# UK dried treats



## lepetitoeuf (May 3, 2015)

Thanks for the link, looks like a good place


----------



## Summerhouse (Jun 12, 2015)

Have you ever considered investing in a dehydrator? 
You can make your own dried meat jerky, thin sliced pieces of heart, liver, kidney, fish skins (free if you ask at fish counter), pieces of fish, whole whitebait, sweet potato, strawberries, apple slices, sausage.

You get the idea, anything your dog likes they'll probably like it even more dehydrated as it concentrates the flavours and of course you know theres no additives. I do little pieces of things as training treats and larger pieces as chew treats.


----------



## fjm (Jun 4, 2010)

I have thought of a dehydrator, but my kitchen is not very big with little spare cupboard space, and good machines are expensive in the UK.


----------



## Manxcat (May 6, 2013)

Gosh what a great site! I really like the look of their stuff so will check it out at home (am at work at the mo) and do some ordering!

I can't count the number of treat packets I've read and discounted for all the additives!! Or I get some and the dogs don't particularly like them...

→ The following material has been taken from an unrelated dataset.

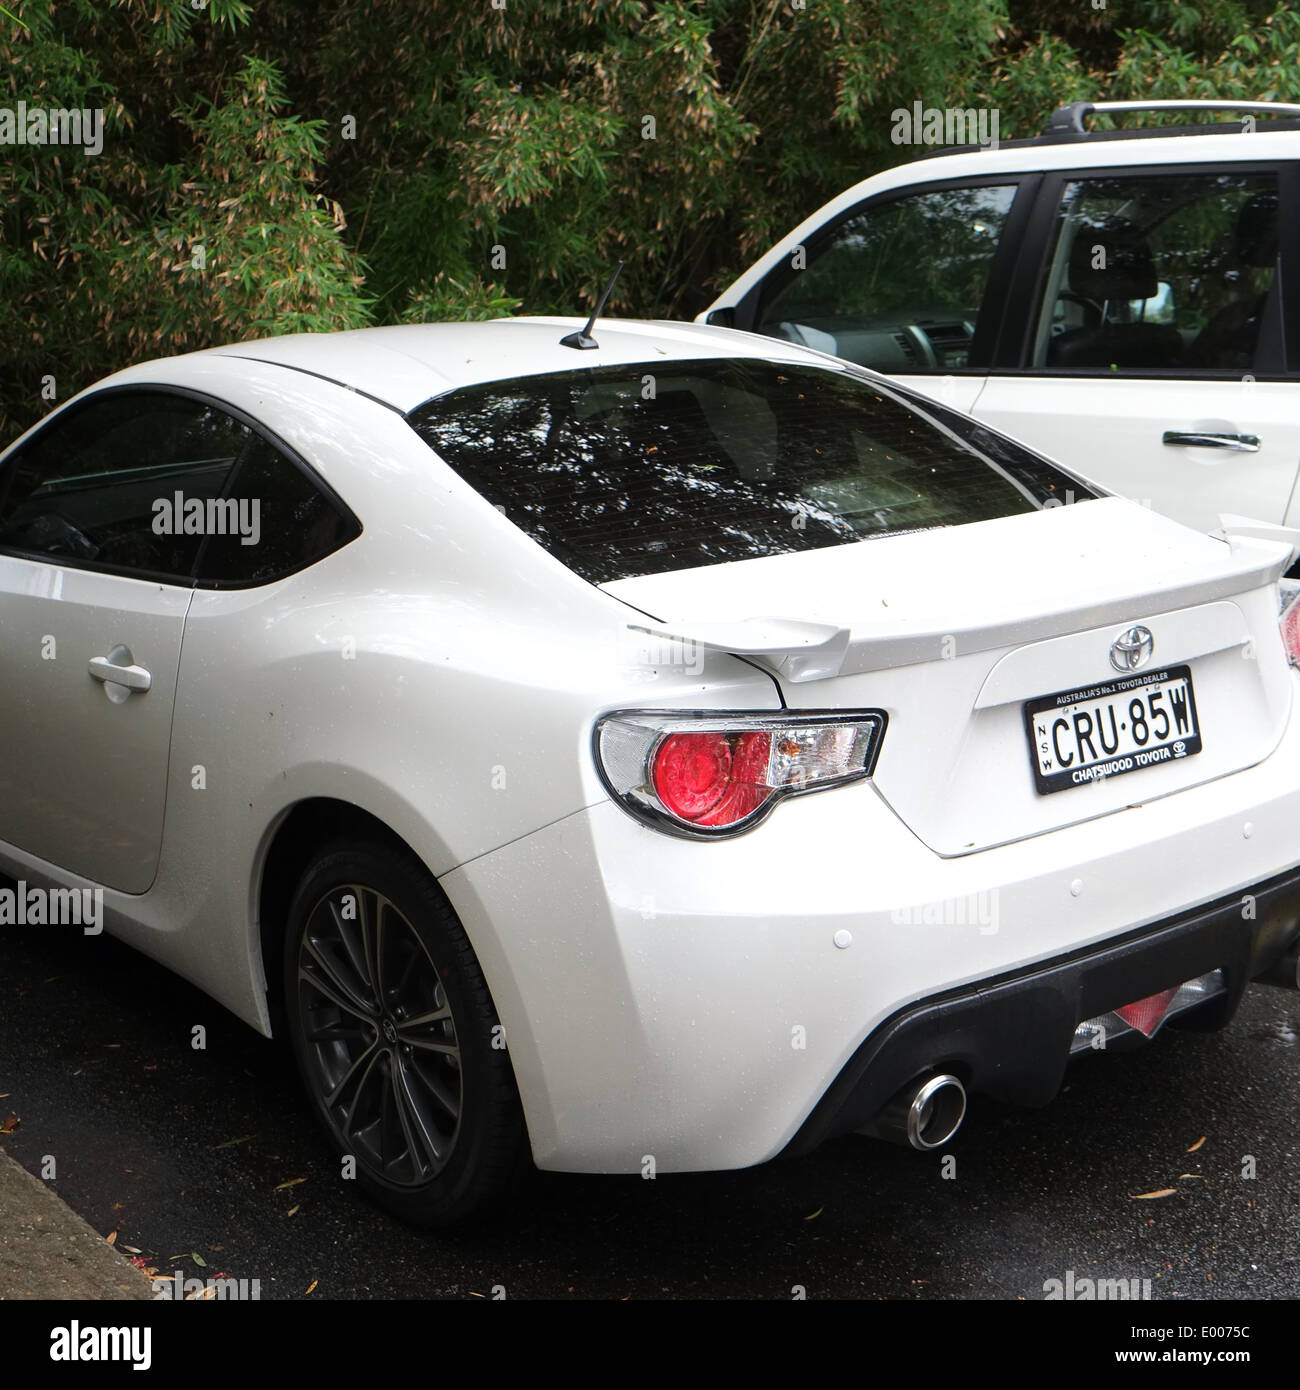 2 door white toyota sports car in sydney Stock Photo ...

Like the idea of the tubs rather than packets too, it means I can take a few out at a time and still keep the rest fresh.

Thanks FJM!!


----------



## fjm (Jun 4, 2010)

The dogs are enjoying the new concept of choosing - I hold out two different tubs and they choose which they want. I get huge sighs from Sophy though, because she thinks she has indicated very clearly which one, and I have missed the tiny gesture. Poppy prods the pot several times, licks it, and practically shouts "THAT ONE!". This was after she tried to choose "Both!", and was very disappointed when it didn't work!


----------



## Mfmst (Jun 18, 2014)

Of course she wanted both! Smart Poodle


----------



## UKpoodle (Jul 22, 2015)

Have you tried making your own dried/cooked liver treats? Gunther is on a raw food diet and I tend to buy a pack of liver, which is very cheap, pop it into a really low oven for approx 1.5 hrs or longer to dry it out, then just cut it up into bite size pieces. You can keep it in the freezer or fridge. Gunther goes mad for it! It isn't completely dry in texture though, so not the sort of thing you could pop straight into your coat pocket, you'd need to keep it in a freezer bag.


----------



## fjm (Jun 4, 2010)

I did try dried liver - it had the most disastrous effect on Sophy's digestion, so I went back to dried liver biscotti instead! I make most of their food and treats, but it is nice to buy something different for a change now and then.


----------



## UKpoodle (Jul 22, 2015)

Oh dear, poor Sophy! I remember when I started Gunther on the raw food diet I read that some dogs can find liver a bit too rich, luckily he's always been ok with it. I do remember when he decided to treat himself to a tasty morsel of horse poo from the side of the road though, that definitely didn't agree with him!


----------